Converting Each Decimal:
#### 1. 0.8
- Numerator: 8
- Denominator: 10 (since 0.8 is in the tenths place)
- Fraction: \( \frac{8}{10} \)
- Simplify: \( \frac{8 \div 2}{10 \div 2} = \frac{4}{5} \)
#### 2. 1.24
- Numerator: 124
- Denominator: 100 (since 0.24 is in the hundredths place)
- Fraction: \( \frac{124}{100} \)
- Simplify: \( \frac{124 \div 4}{100 \div 4} = \frac{31}{25} \)
#### 3. 0.6
- Numerator: 6
- Denominator: 10 (since 0.6 is in the tenths place)
- Fraction: \( \frac{6}{10} \)
- Simplify: \( \frac{6 \div 2}{10 \div 2} = \frac{3}{5} \)
#### 4. 0.89
- Numerator: 89
- Denominator: 100 (since 0.89 is in the hundredths place)
- Fraction: \( \frac{89}{100} \)
- Simplify: Already in simplest form.
#### 5. 13.7
- Numerator: 137
- Denominator: 10 (since 0.7 is in the tenths place)
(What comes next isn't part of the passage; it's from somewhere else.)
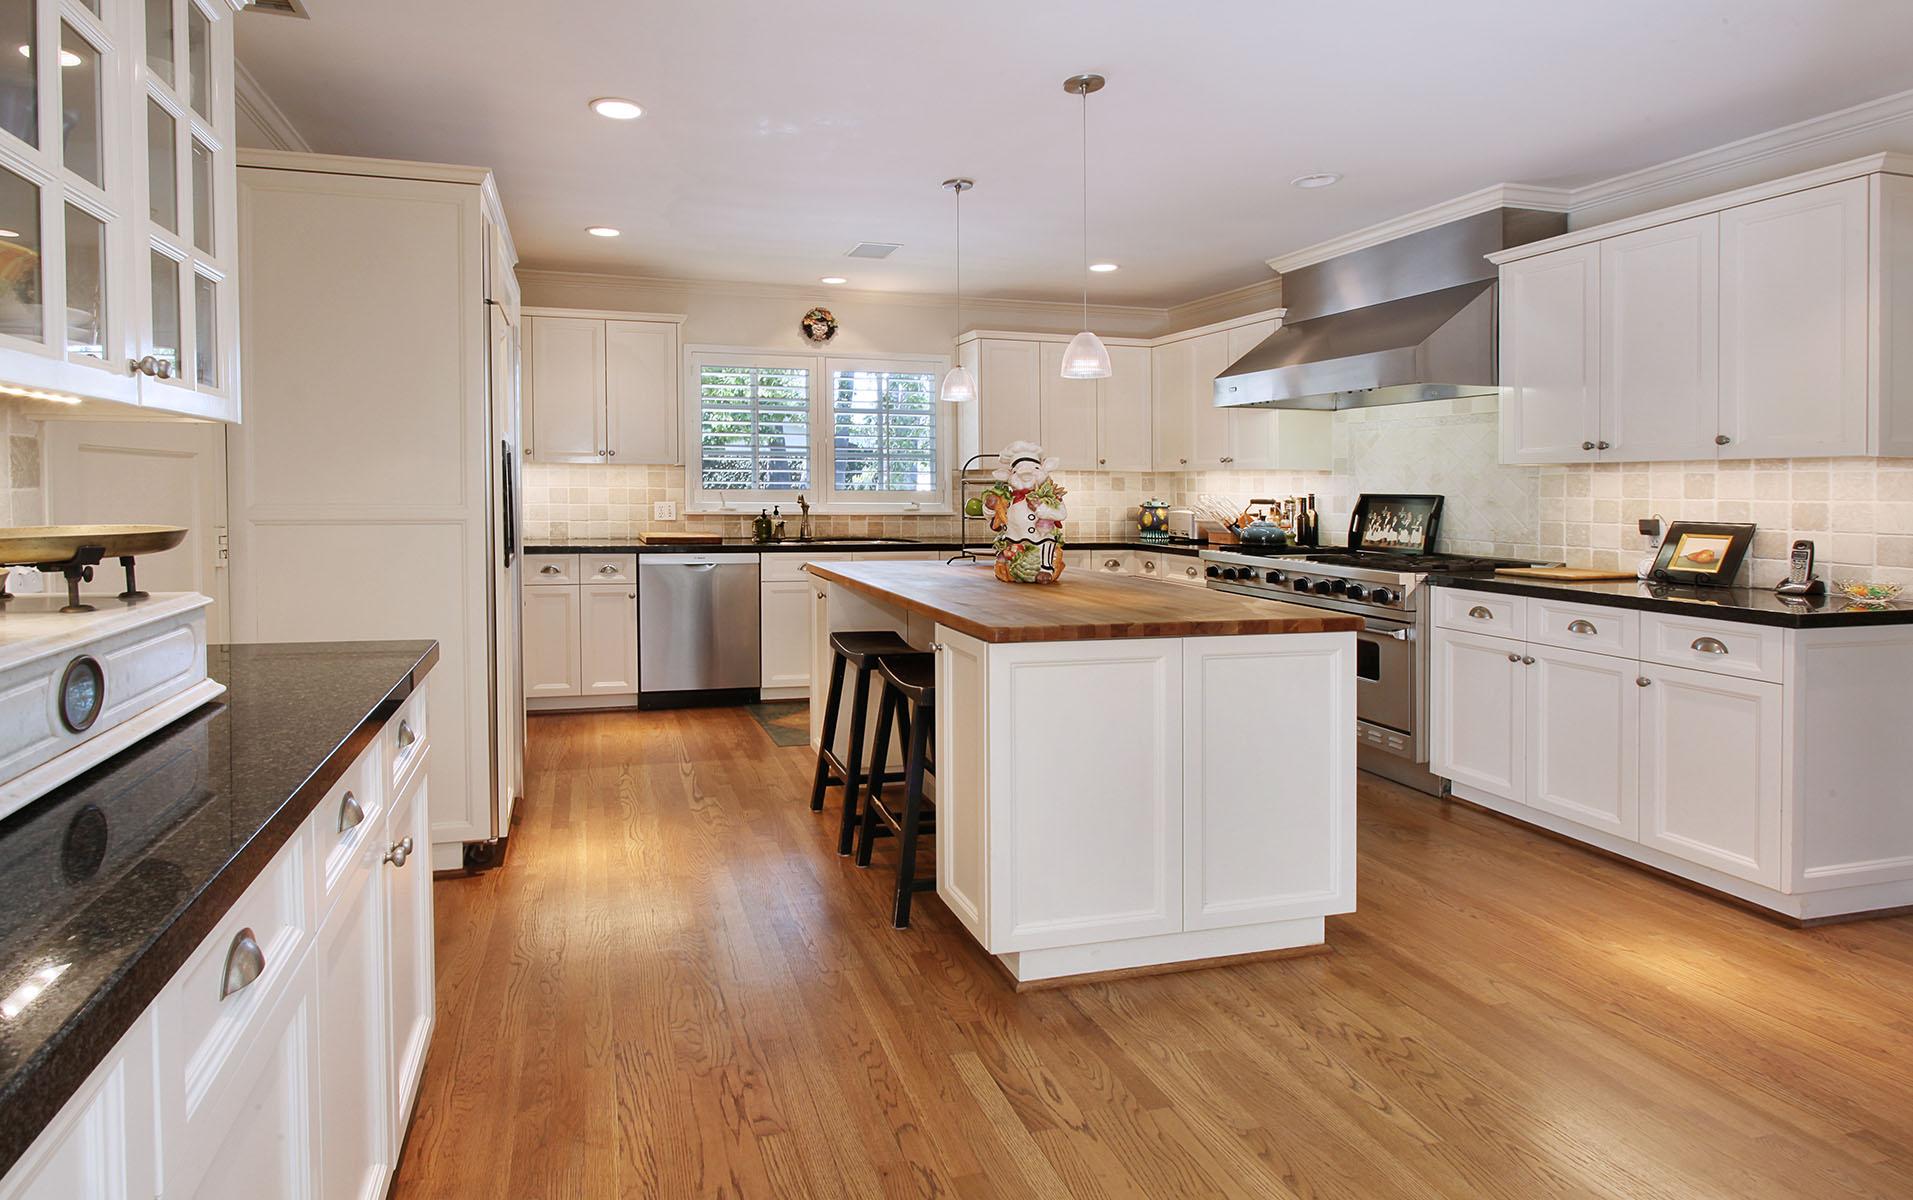 단독 가정 주택 용 매매 에 130 Emerald Bay Laguna Beach, 캘리포니아 92651 미국

- Fraction: \( \frac{137}{10} \)
- Simplify: Already in simplest form.
#### 6. 20.8
- Numerator: 208
- Denominator: 10 (since 0.8 is in the tenths place)
- Fraction: \( \frac{208}{10} \)
- Simplify: \( \frac{208 \div 2}{10 \div 2} = \frac{104}{5} \)
#### 7. 0.67
- Numerator: 67
- Denominator: 100 (since 0.67 is in the hundredths place)
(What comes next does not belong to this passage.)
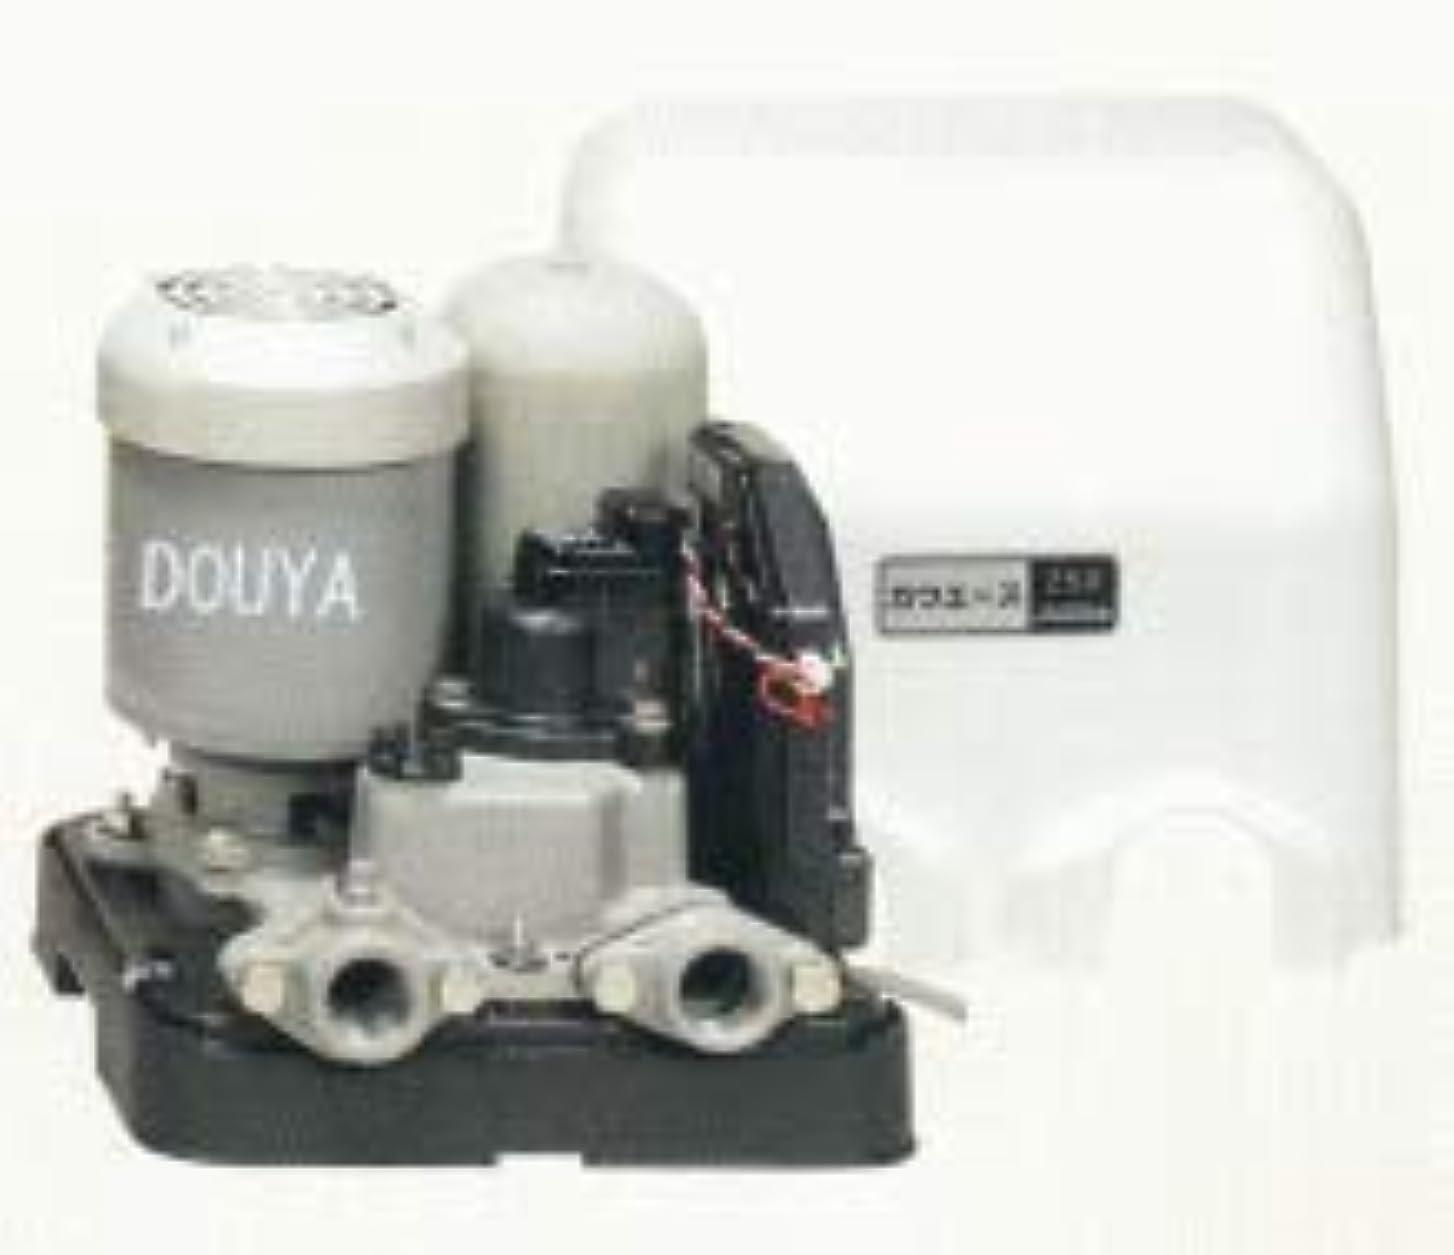 ハイライト摩擦気がついて川本ポンプ 家庭用ポンプ N3-755HN 三相200V-750W-50Hz

- Fraction: \( \frac{67}{100} \)
- Simplify: Already in simplest form.
#### 8. 300.2
- Numerator: 3002
- Denominator: 10 (since 0.2 is in the tenths place)
- Fraction: \( \frac{3002}{10} \)
- Simplify: Already in simplest form.
#### 9. 9.61
- Numerator: 961
- Denominator: 100 (since 0.61 is in the hundredths place)
- Fraction: \( \frac{961}{100} \)
- Simplify: Already in simplest form.
#### 10. 80.6
- Numerator: 806
- Denominator: 10 (since 0.6 is in the tenths place)
- Fraction: \( \frac{806}{10} \)
- Simplify: \( \frac{806 \div 2}{10 \div 2} = \frac{403}{5} \)
#### 11. 0.54
- Numerator: 54
- Denominator: 100 (since 0.54 is in the hundredths place)
- Fraction: \( \frac{54}{100} \)
- Simplify: \( \frac{54 \div 2}{100 \div 2} = \frac{27}{50} \)
#### 12. 12.89
- Numerator: 1289
- Denominator: 100 (since 0.89 is in the hundredths place)
- Fraction: \( \frac{1289}{100} \)
- Simplify: Already in simplest form.
Final Answers:
\[
\begin{aligned}
&0.8 = \frac{4}{5} \\
&1.24 = \frac{31}{25} \\
&0.6 = \frac{3}{5} \\
&0.89 = \frac{89}{100} \\
&13.7 = \frac{137}{10} \\
&20.8 = \frac{104}{5} \\
&0.67 = \frac{67}{100} \\
&300.2 = \frac{3002}{10} \\
&9.61 = \frac{961}{100} \\
&80.6 = \frac{403}{5} \\
&0.54 = \frac{27}{50} \\
&12.89 = \frac{1289}{100}
\end{aligned}
\]
Boxed Final Answer:
\[
\boxed{
\begin{aligned}
&0.8 = \frac{4}{5} \\
&1.24 = \frac{31}{25} \\
&0.6 = \frac{3}{5} \\
&0.89 = \frac{89}{100} \\
&13.7 = \frac{137}{10} \\
&20.8 = \frac{104}{5} \\
&0.67 = \frac{67}{100} \\
&300.2 = \frac{3002}{10} \\
&9.61 = \frac{961}{100} \\
&80.6 = \frac{403}{5} \\
&0.54 = \frac{27}{50} \\
&12.89 = \frac{1289}{100}
\end{aligned}
}
\]
Parent Tip: Review the logic above to help your child master the concept of 7th grade math worksheet with answer key.